Plusieurs technologies, telles que le Waam et le cold spray, sont des adaptations de procédés existants, dont l’usage a été détourné. Est-ce une approche pertinente ?

C’est une très bonne façon d’aborder les problèmes : partir de ce que l’on connaît et maîtrise, puis pousser les technologies dans leurs retranchements. Il n’y a pas de honte à détourner les procédés et les usages des matériaux préexistants. Des techniques comme le Waam ou le laser-fil peuvent s’apparenter à de la soudure classique, mais c’est en fait plus que cela. De nouvelles questions scientifiques et technologiques se posent. D’une manière générale, je trouve très astucieux les procédés qui associent la matière et l’énergie au même endroit, comme dans les technologies de dépôt par faisceau d’électrons ou par arc-fil. Je trouve également très pertinent d’associer les procédés additifs et soustractifs. Les industriels ont tout à gagner dans ce domaine. Pendant un temps, il y a eu un certain dogmatisme en fabrication additive, dans lequel il fallait absolument tout faire en 3D. Les industriels ont désormais une vision plus nette du potentiel de l’impression 3D : ils cherchent le procédé, la matière et le post-traitement qui répondront à leurs besoins.

Quelles seront les prochaines grandes innovations en impression 3D ?

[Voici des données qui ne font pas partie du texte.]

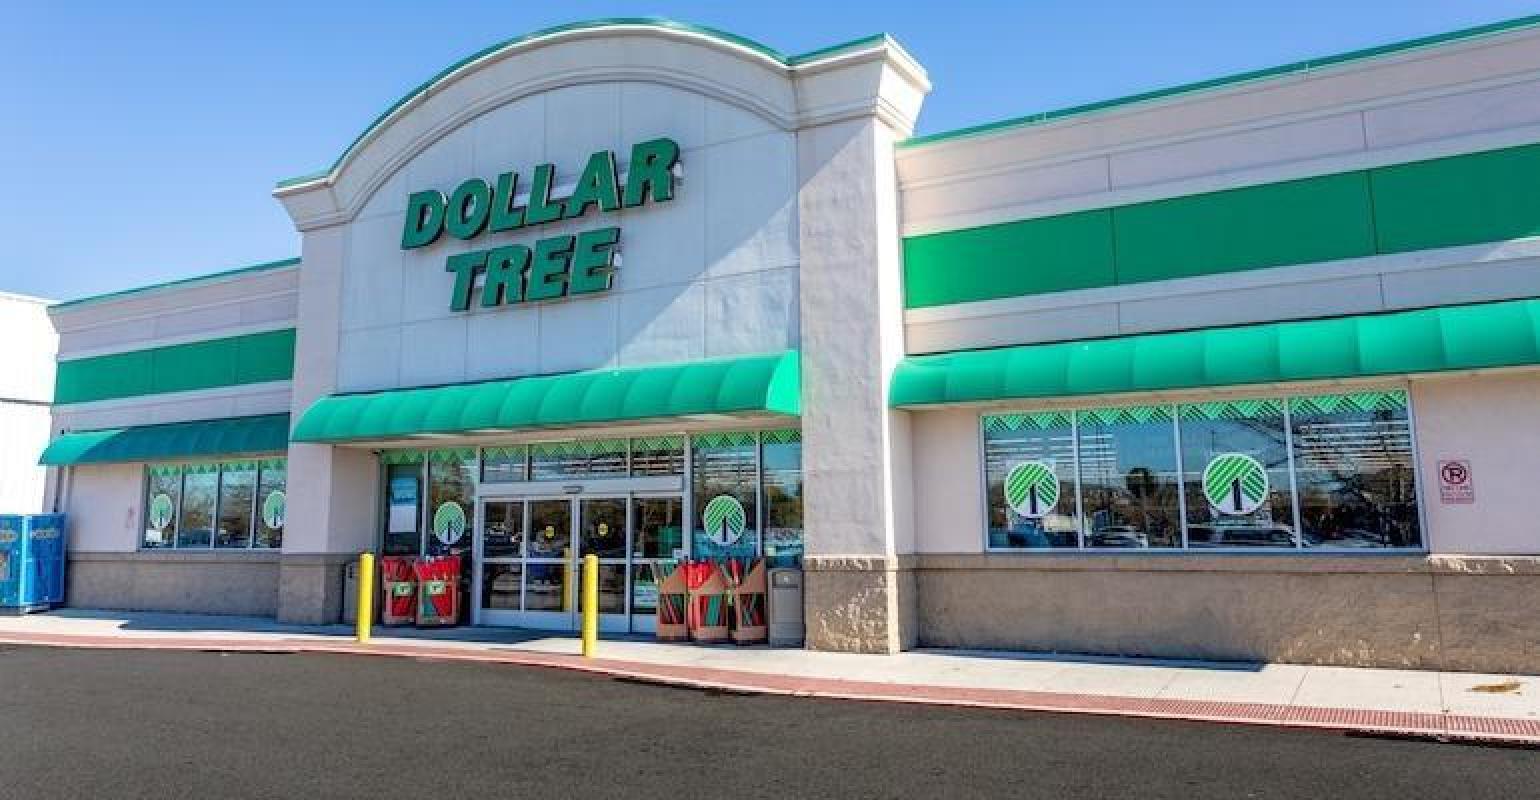 5 Dollar Tree Food Items That Are Cheaper Than Buying Takeout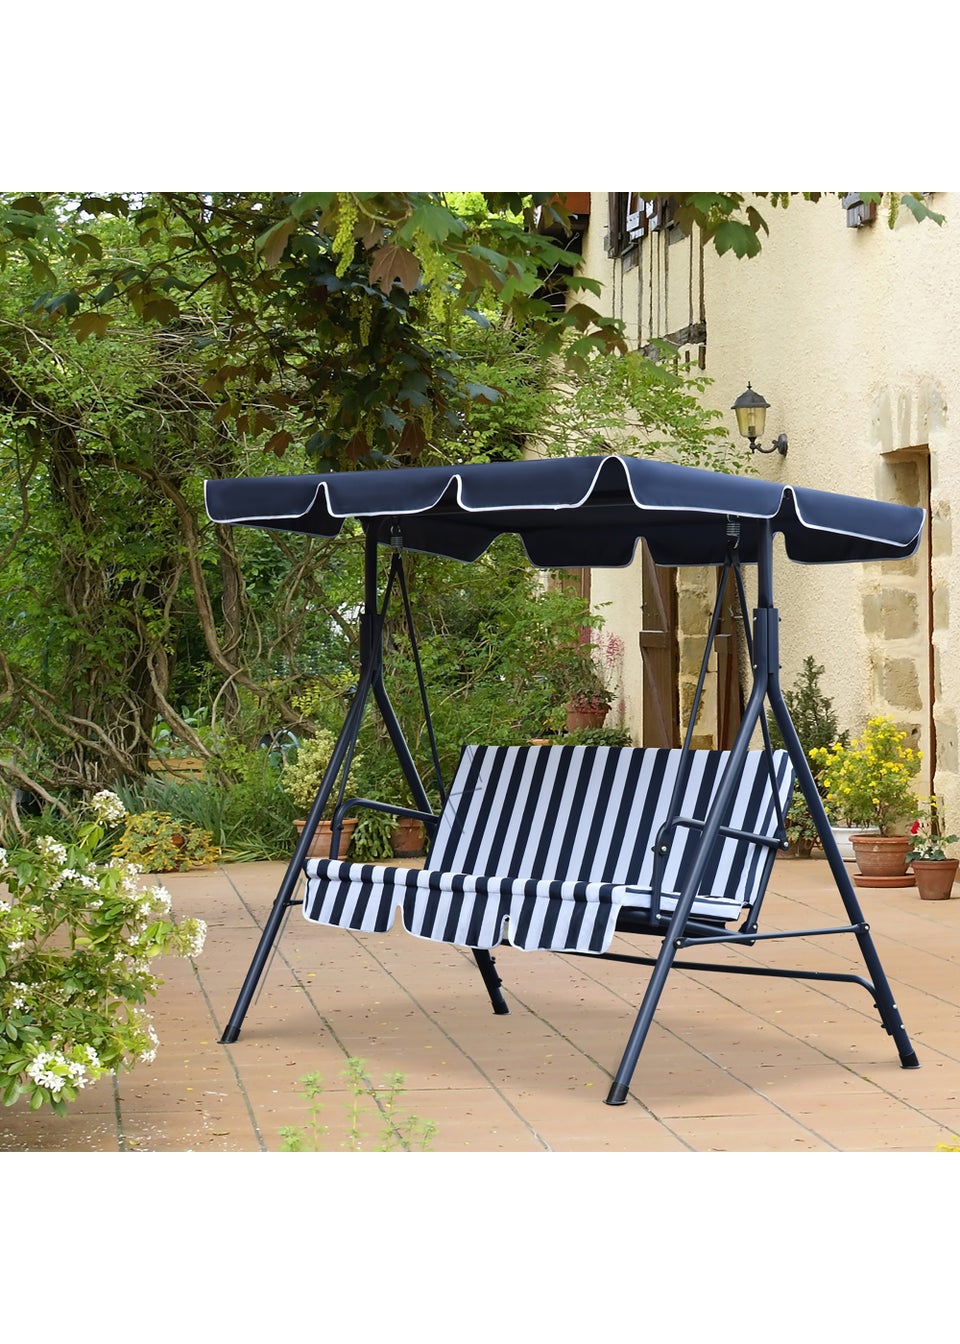 Outsunny Outdoor 3 Seat Canopy Swing Chair (172cm x 110cm x 153cm)

La maîtrise de technologies à gradients de matériaux et multi-voxels est toujours attendue. La première permettrait d’obtenir des propriétés inédites en jouant sur des dépôts de matériaux sélectifs. C’est un sujet très excitant, car il pallierait l’un des problèmes majeurs de l’impression 3D actuelle : la difficulté d’appliquer un traitement de surface sur les pièces. Dans le cas des gradients de matériaux, les propriétés de surface pourraient être gérées lors de l’impression. Je m’intéresse à ces gradients dans le cadre de travaux sur l’impression 4D menés avec ­Frédéric ­Demoly à l’UTBM sur le site de Sevenans (Territoire de Belfort). Les multi-voxels constituent aussi un sujet intéressant pour les industriels. En gérant différentes tailles de voxels, une résolution d’impression variable accélérerait la production des pièces de grande taille, tout en restant très bonne sur certaines zones plus détaillées. J’ai quelques idées dans ce domaine. En dehors de ces deux techniques, nous avons réussi – ironiquement – à abolir l’impression couche par couche avec des collègues de l’institut Fresnel du CNRS à Marseille. Si l’on avait réussi à suivre les brevets de cette organisation en 1984, évitant l’usage de couches, peut-être que le futur de l’impression 3D aurait pu être différent… J’essaie en ce moment de mettre au point un procédé capable d’imprimer une pièce en une seule étape, à l’instar d’un appareil photo. Une évolution radicale de la stéréolithographie, mais je ne peux pas en dire beaucoup plus pour le moment : ce n’est pas breveté, car j’ai des difficultés à trouver les sources lumineuses adaptées pour réaliser une belle preuve de concept.